I checked the missing drives (#4,#5) with mdadm -E and they where ok, superblocks and all. So I figured they where not in the RAID due to the crash before and I have to manually add them to the RAID for some reason.

Now the big mistake was to use --add for the first device (#5) I tried to get back in the RAID and looking at the RAID info, it was added as "spare".
Then strange things happened again with the PC and I checked for Hardware errors. Found that 2 IDE controllers where not behaving well any longer, probably causing all the trouble.

Now to get the data back I tried to copy every HD that was at one time part of the RAID to image files (with dd if=/dev/hdx of=/mnt/backup/hdx), so I would only have to use the on-board controller. So now I have 6 files which are images of the 6 HDDs that where formerly installed, 4 of which where pretty much untouched (#1,#2,#3,#4), one was added as a new drive that started syncing while the RAID was still active (#6) and one was added as spare while the RAID was inactive (#5).

Code:
"mdadm --assemble -f /dev/md0 /dev/loop1 /dev/loop2 /dev/loop3 /dev/loop4 /dev/loop5 /dev/loop6"

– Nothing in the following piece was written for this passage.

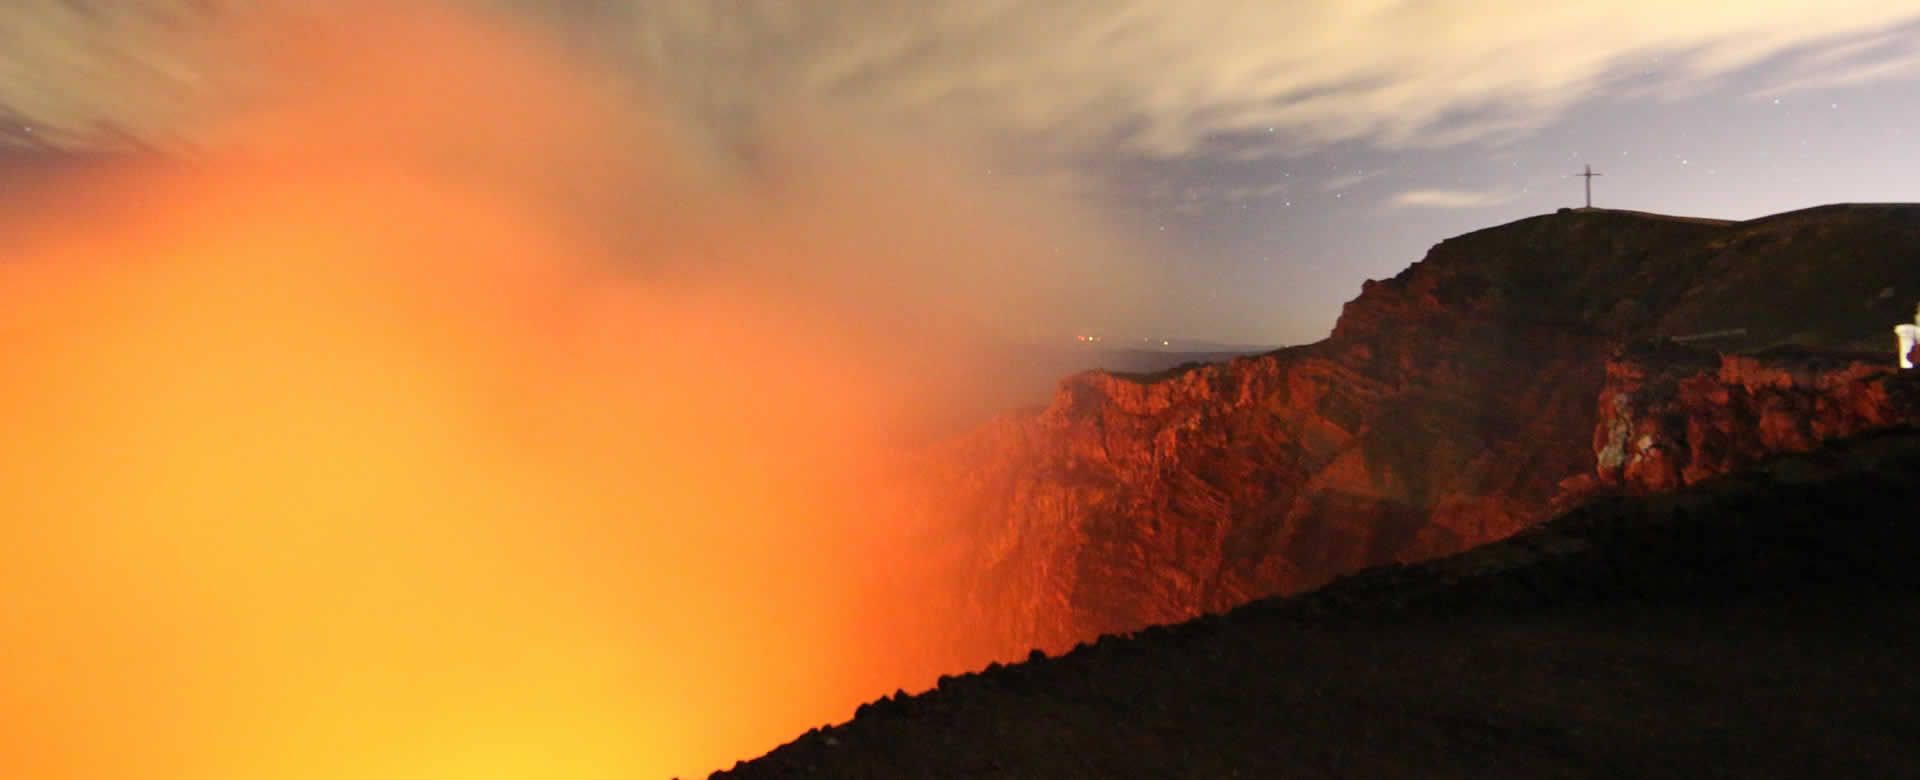 National Geografic realiza reportaje sobre los atributos del Volcán Masaya

Trying to simply assemble the RAID from this fails with an IO-Error, using readonly gives no valid filesystem.

I figure that the data should well be there, since one drive was only 2% written on (the rest should still contain the old data from a time it was still in the RAID) and one drive was just added as spare (it was not written at all unless adding it as a spare deletes the contents). And I basically need only one of them to have 5 valid disks to start the RAID.

Now how can I recover at least some data?
Somehow telling the RAID to put the "spare" back in the place where it was before dropping out?
Recovering some data from the HDD that was in the RAID, dropped out and was added as a new HDD until it was about 2% in the resyncing process?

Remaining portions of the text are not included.